Sunday, November 14, 2004

Running

I feel gross. I am not feeling well physically or emotionally.
It has been a little while since I blogged. Why you ask, well I haven't really been able to collect my thoughts. Even now I am unsure what is on my mind. This is strange for me and I am not sure what's wrong. My theory is that I am thinking of entirely too many things at once. "Give it to God"--- what my heart is saying right this very moment. Alas, I will try ....
I have had a full but relatively normal week and weekend. I didn't do too much, but then again it feels like I always do too much
when I look at my messy room and the number of assignments due this week which I haven't even started. I think I need to quit making plans. Its just that when the weekend rolls around there are so many appealing options. Everyone wants to go have "fun."
Fun = ?
Lately, I am thinking that I should stay in for a few weeks and try to get some kind of order reinstated. It is so nice to be prepared. This is often underrated for "experiences" or "memories". Both of which are equally important and wonderful, but they are so much better for me when my foundations are strong.
God has been asking for more of my time for a while now and I am having difficulty handing it over. This is so stupid and it is getting me into messes. I feel like I am not myself lately.
" Oh, for a heart that does not ache
For a backbone that won't break.
For some steady feet or sturdy ground..... a road that isn't gonna let me turn around and run...." ~ Nicole Nordeman

what's really weird is that I know the only thing that will make me feel better and straighten things out is the one thing I'm avoiding. God.
Sunday school really spoke to me this morning. (God is in everything. He loves me and provides all that I need even when I am running in the opposite direction. ) He really speaks to me through music. This weekend a friend and I were discussing music and I mentioned that I mostly just listen to Christian. He gave me the strangest look and then just changed the subject. That is the reaction I get a lot especially when people ride with me on trips. I remember when I used to feel that way. Now listening to whatever is on the radio seems like a waste of time to me.

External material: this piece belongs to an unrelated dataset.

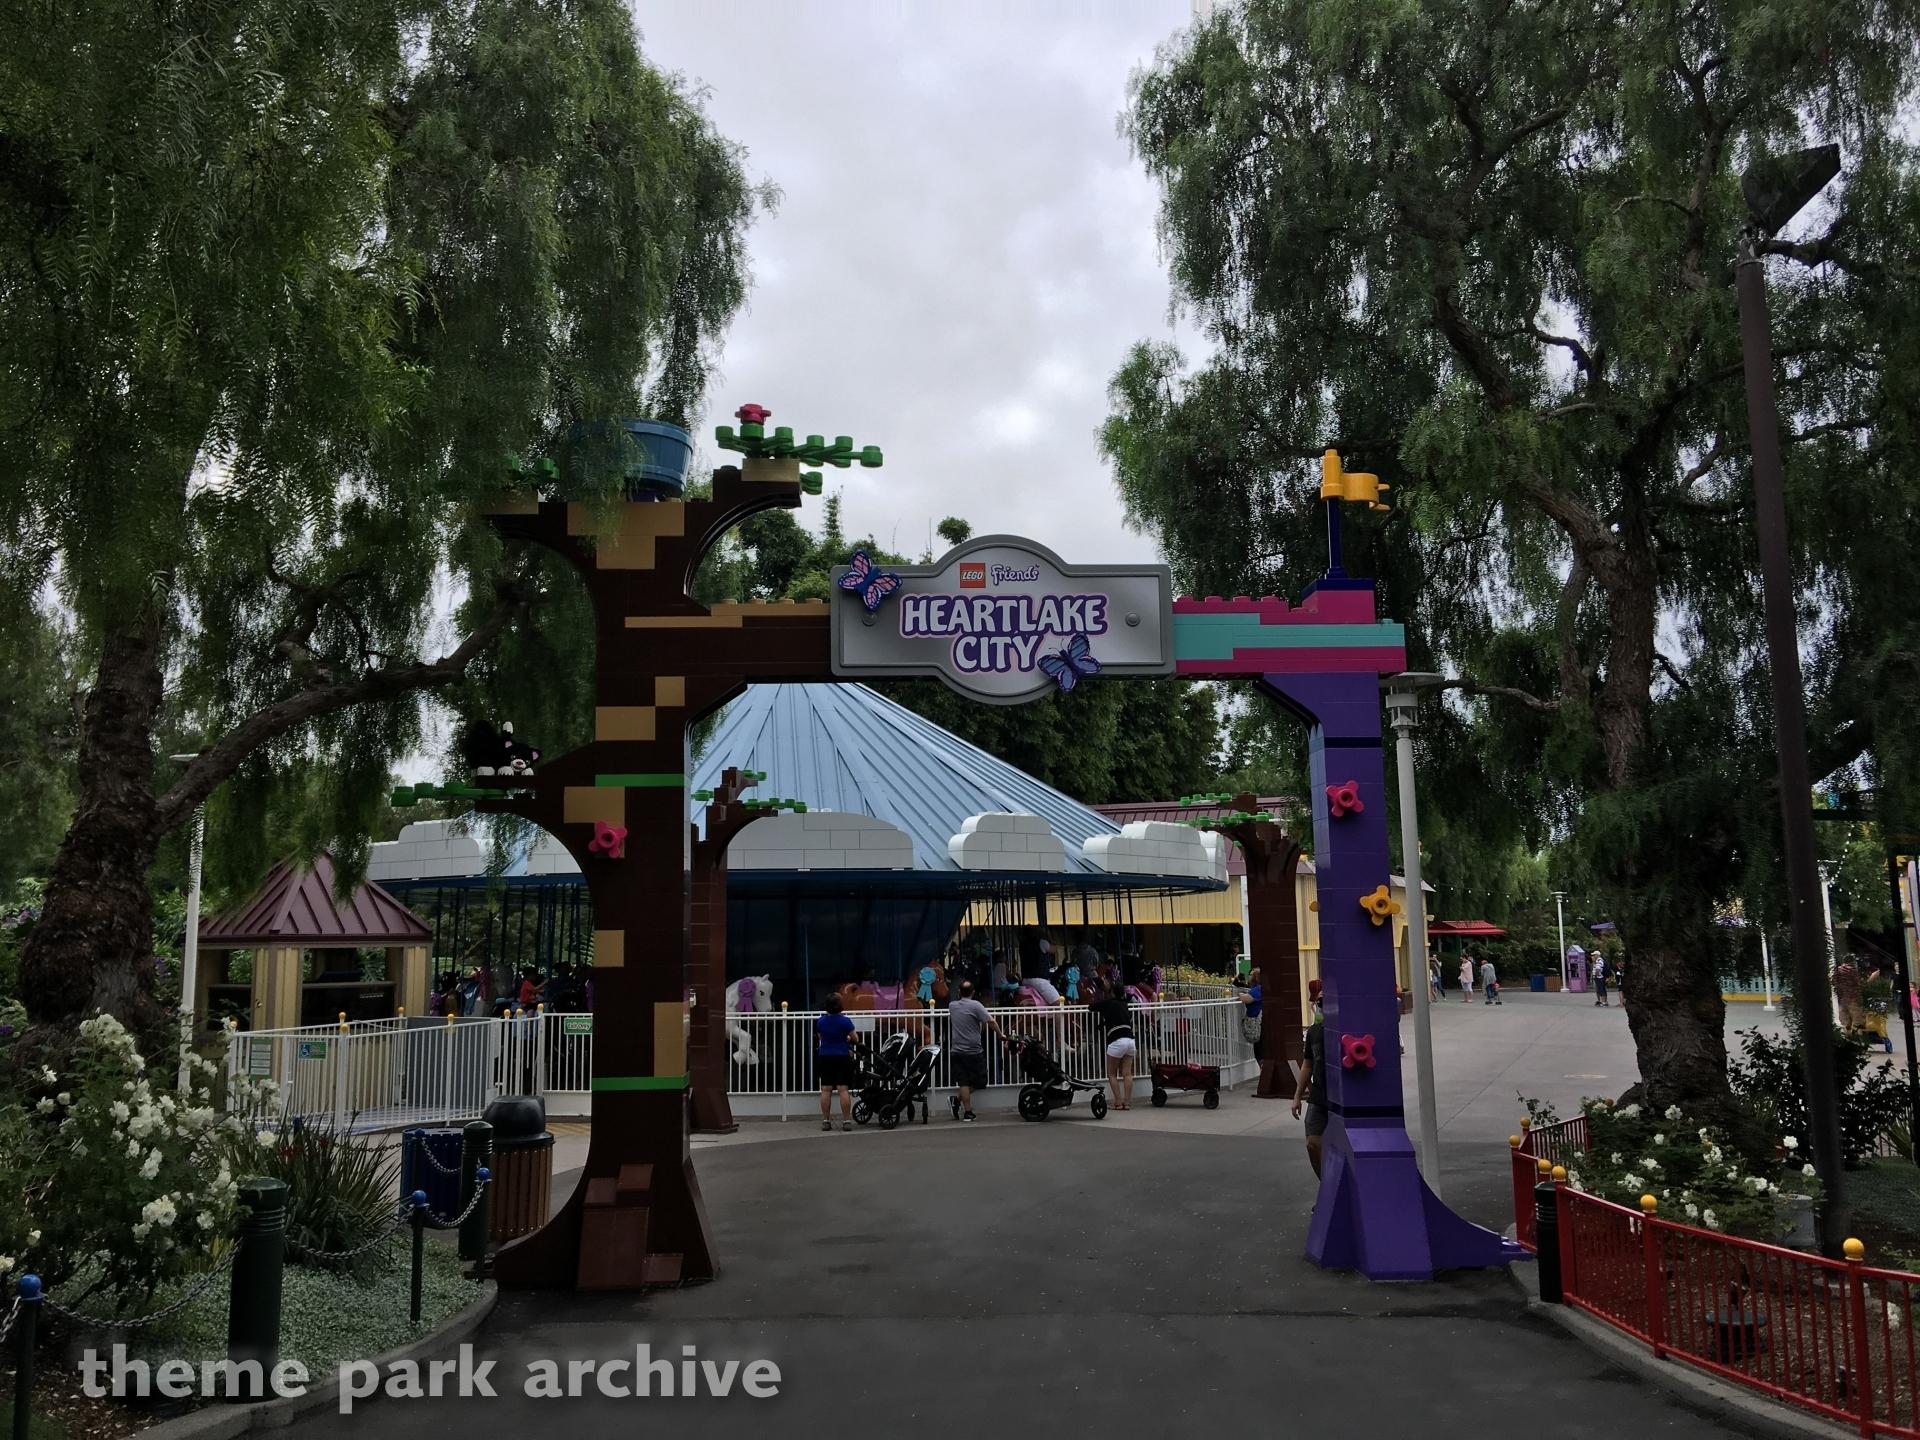 LEGO Friends Heartlake City at LEGOLAND California

I am picky about what I listen to. Maybe this is because I am aware of how much music can affect me. Even sometimes when I can't pray, don't know what to say or how I feel (pretty often lately) I can just turn on certain songs and I feel closer to God and I know he understands. I remember that God knows my heart fully and that he loves me anyway.
To be loved by God. Indescribable.
I am picky in general with my time, what I look at,listen to, who I am around. Life is just so brief that I don't want to waste anything. How ashamed would I be to arrive at heaven knowing that I spent 150000 hours of my life listening to songs about sex, drugs, lust, and others of the sort and that I only showed the love of God to 15 people. Already I hang my head in disgust of past decisions. Thankfully Jesus has taken those sins and tossed them into the bottom of the ocean. They are as far away as the East is from the West. Praise God.
I'm sure some people would read this and say, "Weirdo, all she wants to do is be alone all the time and not experience anything." This is a common misperception I think. I am more alone when I am hanging out with twenty friends and acquaintances but haven't spent enough time with The Lord than I am at 4:00 AM sitting in my apartment reading the Bible. No matter how many people are around, i feel completely alone without God. He is always there, but like with any relationship, I feel closer to him when I am actively investing my time into the relationship and trying to know Him more.
I am going to DR tonight but I must confess I have mixed feelings. I am going because I feel like it is what God wants me to do. Obedience. I don't feel like being around a lot of people. I'm just not in the mood I guess. However, from past experiences I know that God has a purpose and that going will have a better outcome than doing it my way.
God, I love you. Thank you for being more than enough.